0
votes

I am fairly new to AWS and I am currently exploring it. I was hoping to get an insight or suggestion on the best way to implement the job.

I wanted to get data from multiple mysql tables.

  • user_transaction
  • user_loans
  • promo_offers

To get the final table I found the following 2 ways.

Method 1:

  1. Create Catalog for each table then,
user_transaction = glueContext.create_dynamic_frame.from_catalog(
           database="Org_Data_Lake",
           table_name="user_transaction"
       transformation_ctx = "user_transaction", 
       additional_options = {"jobBookmarkKeys":["transaction_id"],"jobBookmarksKeysSortOrder":"asc"})

user_loans = glueContext.create_dynamic_frame.from_catalog(
           database="Org_Data_Lake",
           table_name="user_loans")
promo_offers = glueContext.create_dynamic_frame.from_catalog(
           database="Org_Data_Lake",
           table_name="promo_offers")
  1. Then apply Join.apply to get final
final_history = Join.apply(user_transaction,
                       Join.apply(user_loans, promo_offers, 'offer_id', 'offer_id'),
                       'user_loan_id', 'user_loan_id').drop_fields([.......])
  1. Finally, put all data into S3
glueContext.write_dynamic_frame.from_options(frame = final_history,
          connection_type = "s3",
          connection_options = {"path": "s3://glue-sample-target/output-dir/final_history"},
          format = "parquet")

Method 2:

  1. Get the final_history data ready at once,
query = "t1.transaction_id, t1.status, t2.loan_status, t3.offer_amount 
     FROM user_transaction AS t1 
     JOIN user_loans AS t2 ON (t2.user_loan_id = t1.user_loan_id) 
     JOIN promo_offers AS t3 ON (t3.offer_id = t2.offer_id) 
     WHERE t1.created_at > '2020-01-01 00:00:00' LIMIT 10) as tmp"

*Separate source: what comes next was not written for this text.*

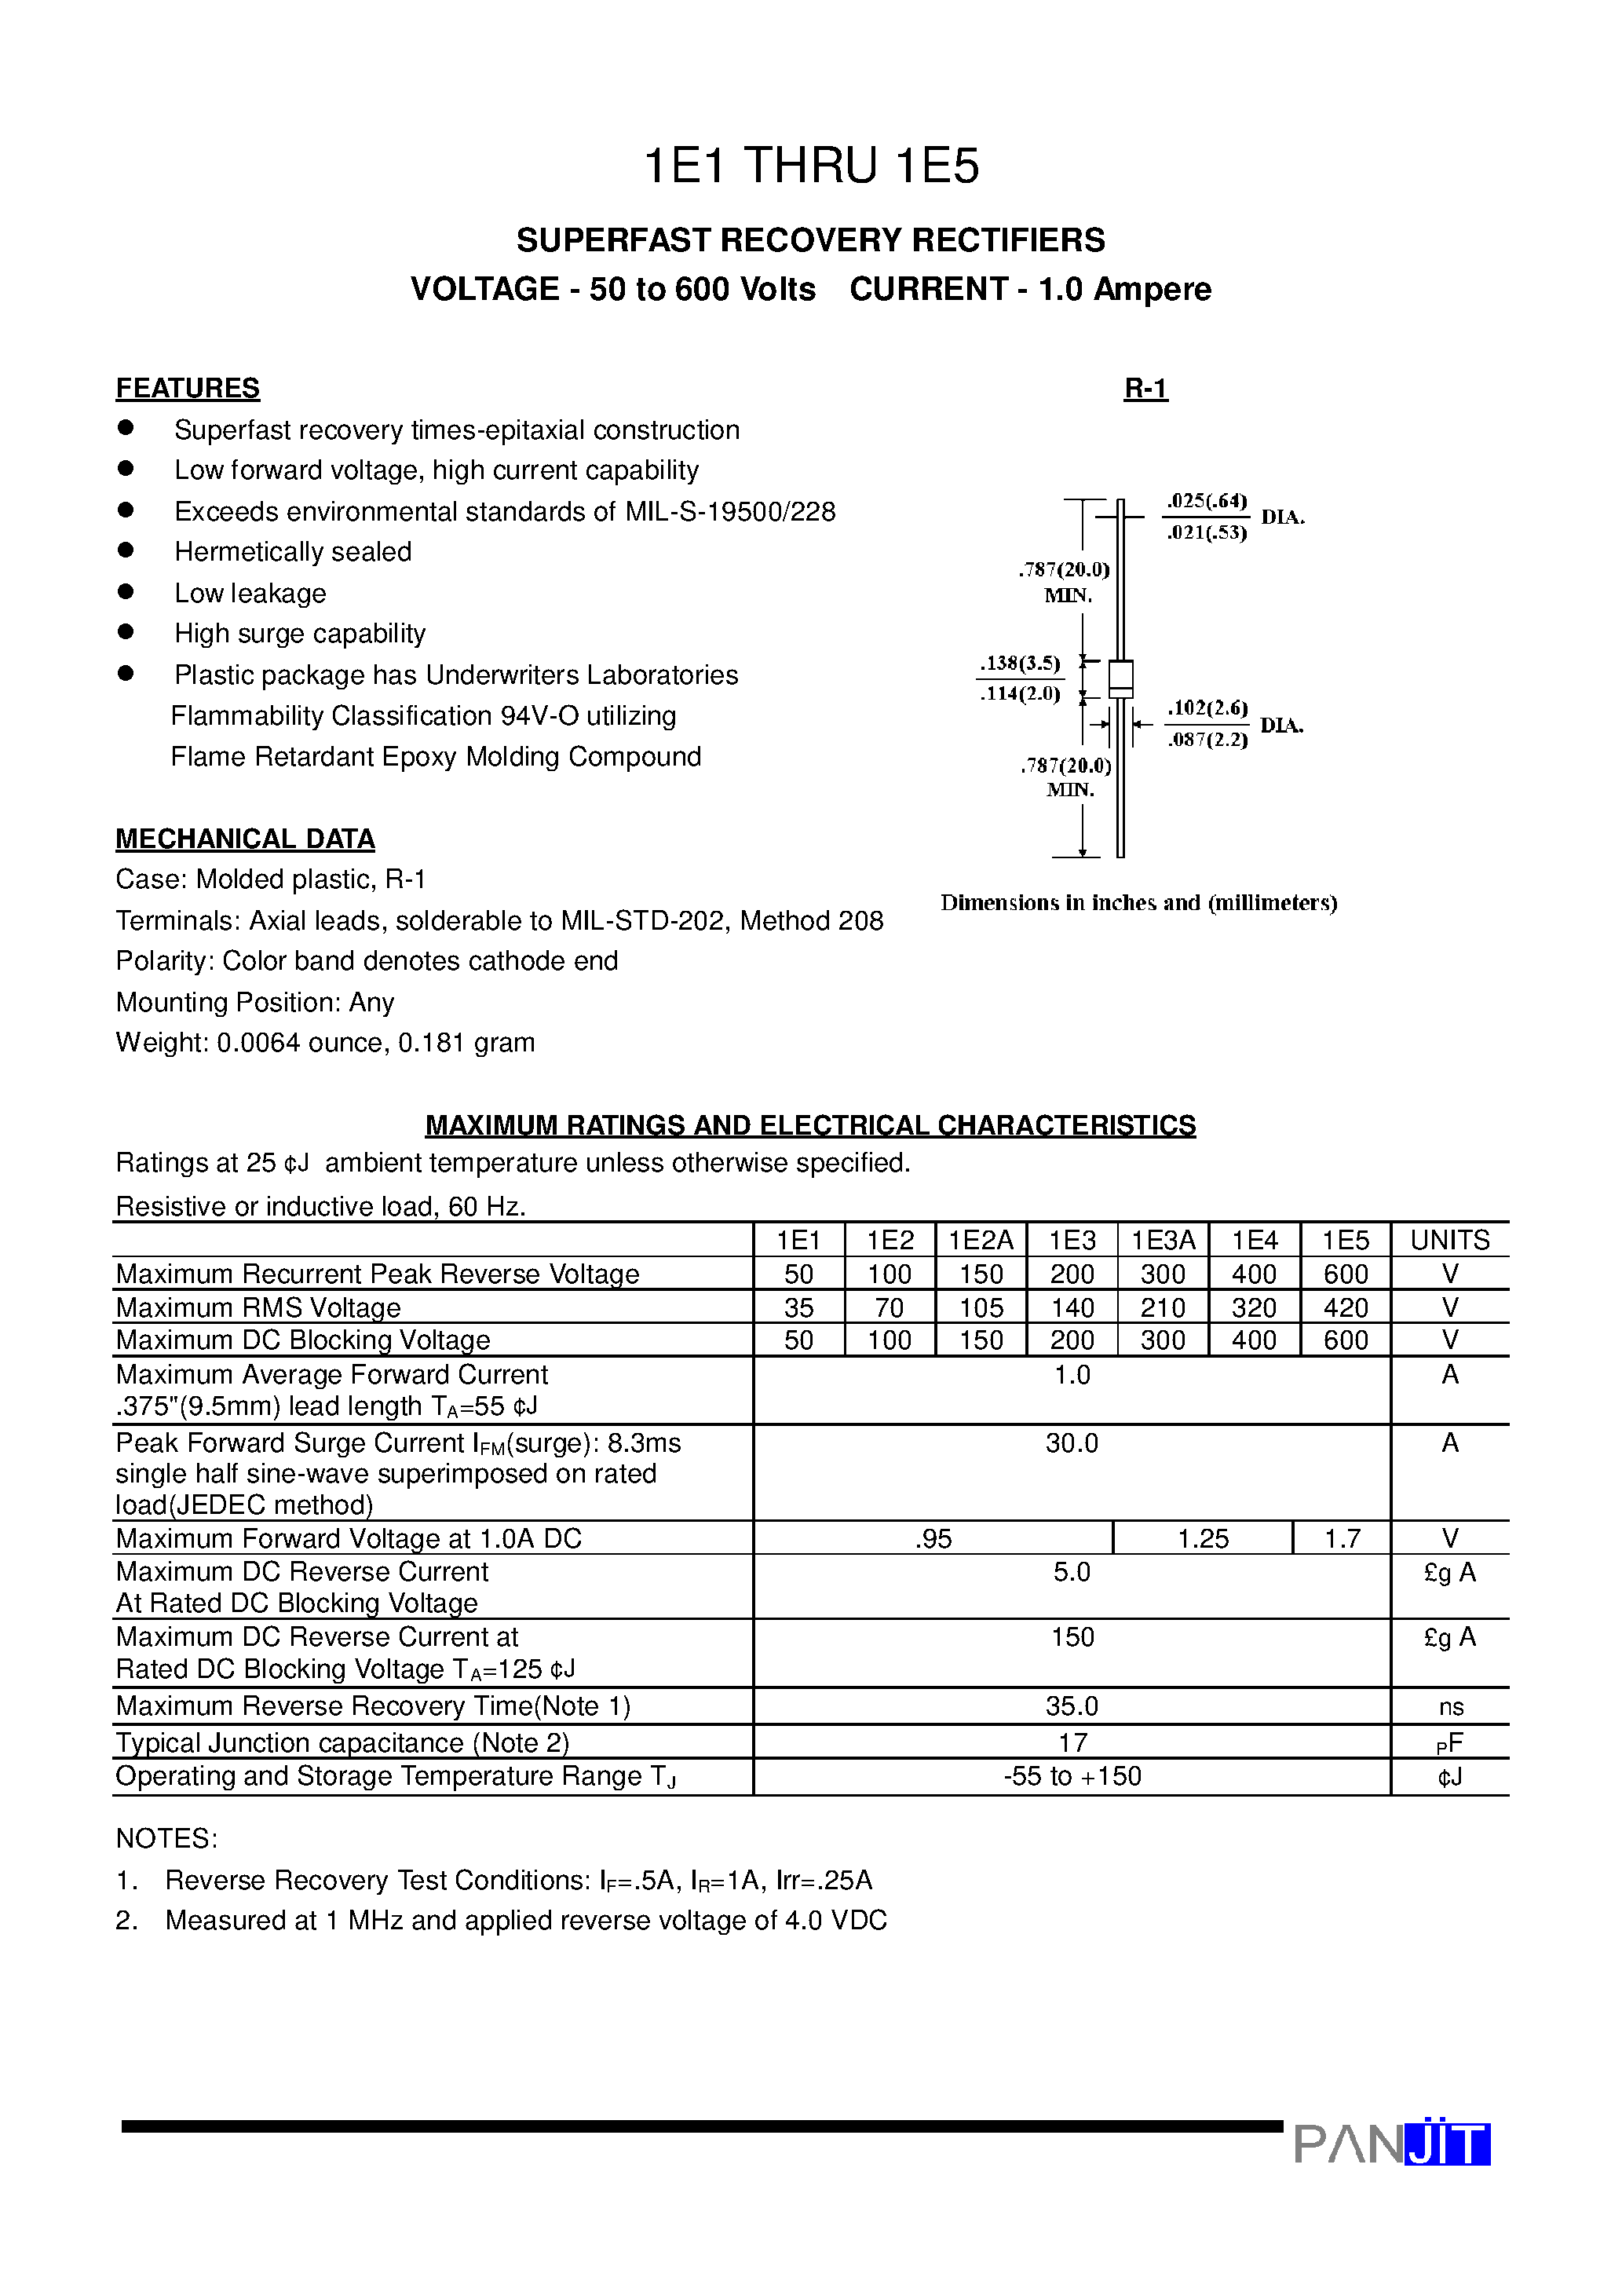 Datasheet 1.00E+04 - SUPERFAST RECOVERY RECTIFIERS(VOLTAGE - 50 to 600 Volts CURRENT - 1.0 Ampere) page 1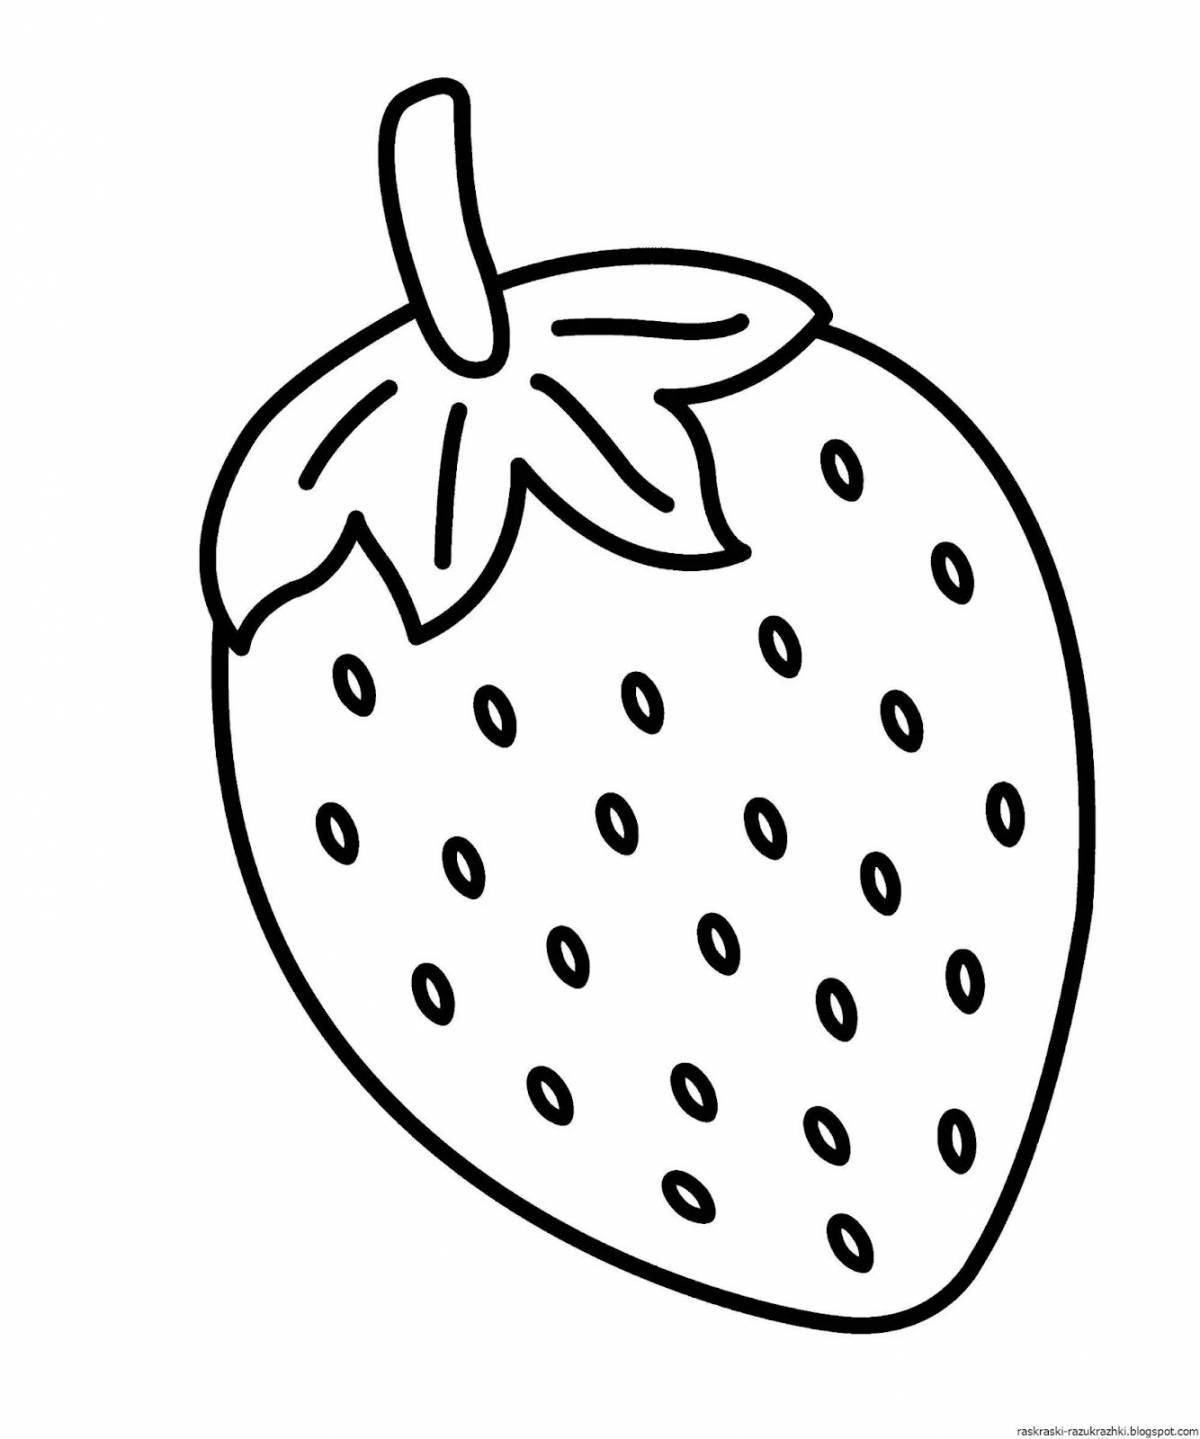 Gourmet berries and fruits coloring book for kids

final_history_data = glueContext.read.format("jdbc")
             .option("driver", jdbc_driver_name)
             .option("url", db_url)
             .option("dbtable", query)
             .option("user", db_username)
             .option("password", db_password).load()

final_history = DynamicFrame.fromDF(final_history_data, glueContext, "final_history")
  1. Finally put all data into S3
glueContext.write_dynamic_frame.from_options(frame = final_history,
          connection_type = "s3",
          connection_options = {"path": "s3://glue-sample-target/output-dir/final_history"},
          format = "parquet")

Which method is the best way and how to apply jobBookmarkKeys to method 2??

1

1 Answers

0
votes

Your job might fail if you are using Method 1 which you need to handle:

  1. Consider there is no new data returned for dynamic_frame user_transaction because you enabled jobbookmark which will fail step 2 as it is empty.

  2. So you need to conditional check that if it is empty then skip the processing and exit.

In Method 2 you cannot leverage jobbookmark as transformation_ctx is missing and cannot be included as you are reading directly from database by pushing down the query down to engine.The transformation_ctx parameter is used to identify state information within a job bookmark for the given operator. Specifically, AWS Glue uses transformation_ctx to index the key to the bookmark state. Refer to this to know more.

Comparing these two methods:

  1. Method 1 will help your jobs to run faster if there is no data to process between job runs as job bookmark is enabled.

  2. Method 2 will give you better performance if your DB has some good hardware which can return the result of the query with less turn around time. But if there is no new data between multiple job runs your job will still send the query to DB engine where as in the later case it will not.

  3. Also considering the number of new records between job runs you can decide to choose either job bookmark or pushing down the query to DB engine.